32 Python computation 1: projection in a finite-dimensional Hilbert space

This computation projects a vector onto the span of two non-orthonormal vectors.

Code

import numpy as np

v1 = np.array([1.0, 1.0, 0.0])
v2 = np.array([1.0, 0.0, 1.0])
y  = np.array([2.0, 1.0, 3.0])

A = np.column_stack([v1, v2])

# Projection onto im(A): A(A^T A)^{-1}A^T y
proj = A @ np.linalg.solve(A.T @ A, A.T @ y)
residual = y - proj

print("Projection:", proj)
print("Residual:", residual)
print("A^T residual:", A.T @ residual)

Projection: [2.66666667 0.33333333 2.33333333]
Residual: [-0.66666667  0.66666667  0.66666667]
A^T residual: [-2.22044605e-16 -4.44089210e-16]

The last line should be approximately zero. This verifies the orthogonality condition.
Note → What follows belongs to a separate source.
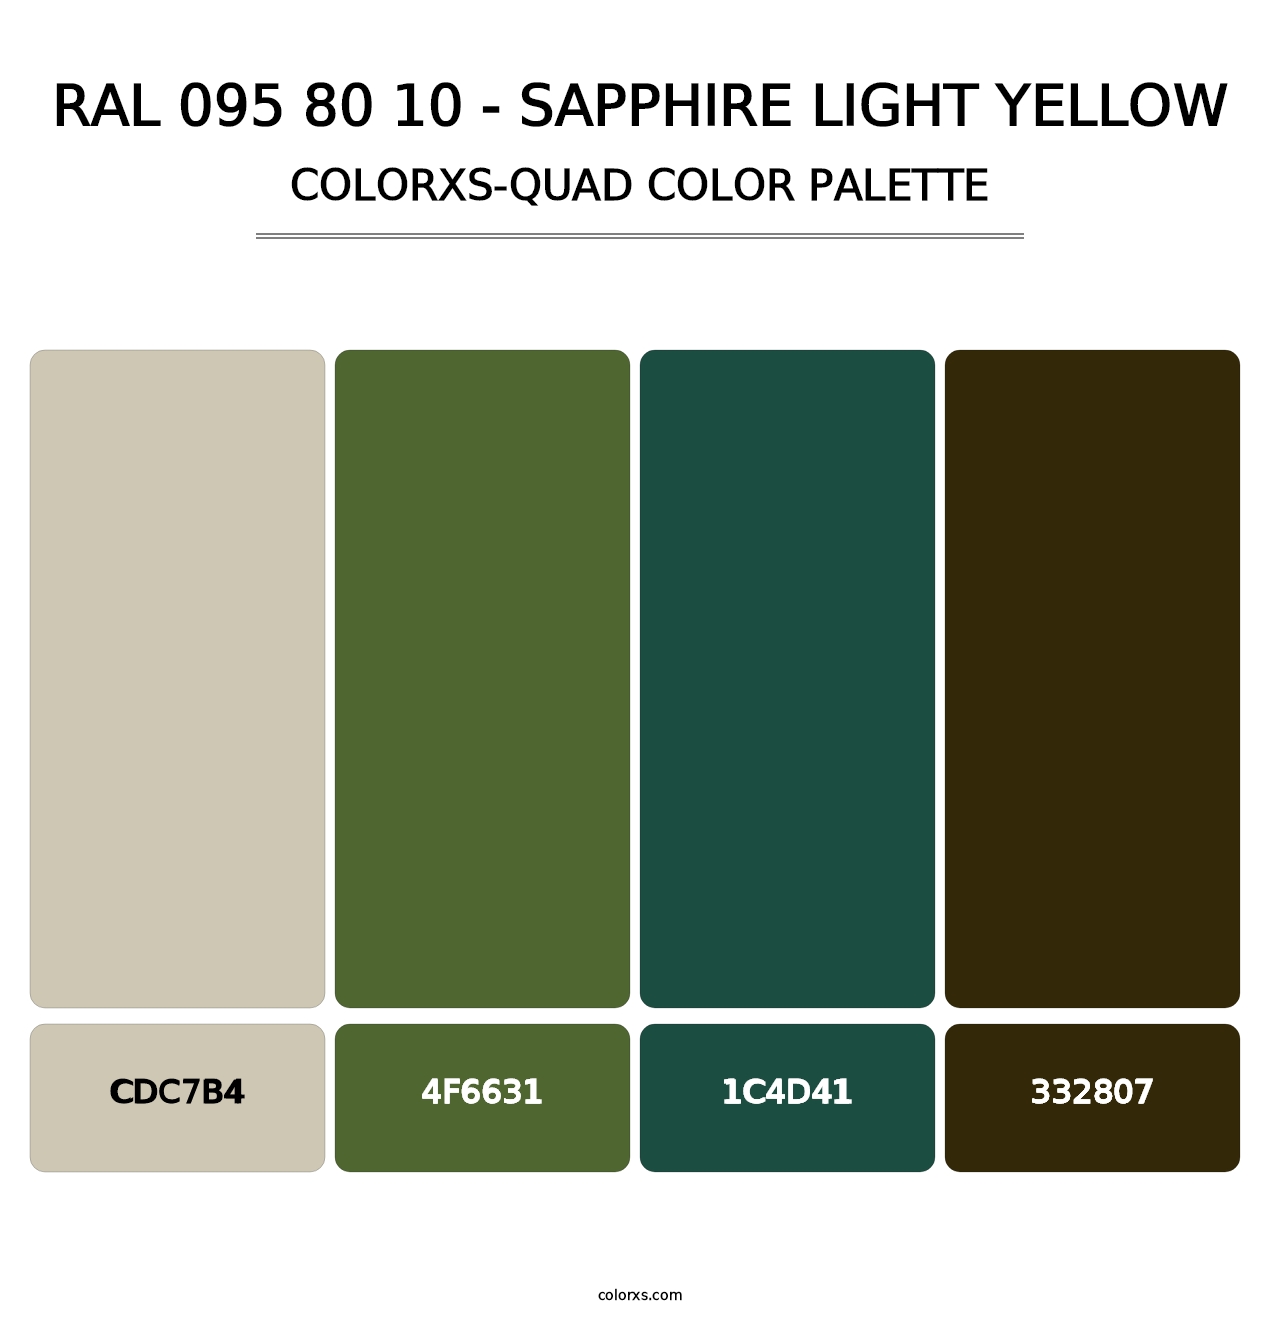 RAL 095 80 10 - Sapphire Light Yellow - Colorxs Quad Palette

33 Python computation 2: best quadratic approximation to $e^x$

We approximate $e^x$ on $[0,1]$ by a quadratic polynomial

\[ p(x)=c_0+c_1x+c_2x^2 \]

using the $L^2$ inner product.

The normal equations are

\[ G\mathbf{c}=\mathbf{b}, \]

where

\[ G_{ij}=\int_0^1 x^{i+j}\,dx, \qquad b_i=\int_0^1 e^x x^i\,dx. \]

Code

import sympy as sp

x = sp.symbols("x")
basis = [1, x, x**2]
f = sp.exp(x)

G = sp.Matrix([[sp.integrate(basis[j]*basis[i], (x, 0, 1))
                for j in range(3)] for i in range(3)])

rhs = sp.Matrix([sp.integrate(f*basis[i], (x, 0, 1)) for i in range(3)])

c = G.LUsolve(rhs)
p = sp.expand(sum(c[i]*basis[i] for i in range(3)))

G, rhs, [sp.simplify(ci) for ci in c], p

(Matrix([
 [  1, 1/2, 1/3],
 [1/2, 1/3, 1/4],
 [1/3, 1/4, 1/5]]),
 Matrix([
 [-1 + E],
 [     1],
 [-2 + E]]),
 [-105 + 39*E, 588 - 216*E, -570 + 210*E],
 -570*x**2 + 210*E*x**2 - 216*E*x + 588*x - 105 + 39*E)

Code

# Numerical values
[float(ci) for ci in c]

[1.012991309902764, 0.8511250528462292, 0.8391839763994994]

34 Python computation 3: Fourier coefficients as coordinates

We approximate a square wave using finitely many sine terms.

Code

import numpy as np
import matplotlib.pyplot as plt

xs = np.linspace(-np.pi, np.pi, 1000)
f = np.sign(np.sin(xs))

def fourier_square(xs, N):
    s = np.zeros_like(xs)
    for k in range(1, N+1, 2):
        s += (4/np.pi) * np.sin(k*xs)/k
    return s

for N in [1, 3, 9, 25]:
    plt.plot(xs, fourier_square(xs, N), label=f"N={N}")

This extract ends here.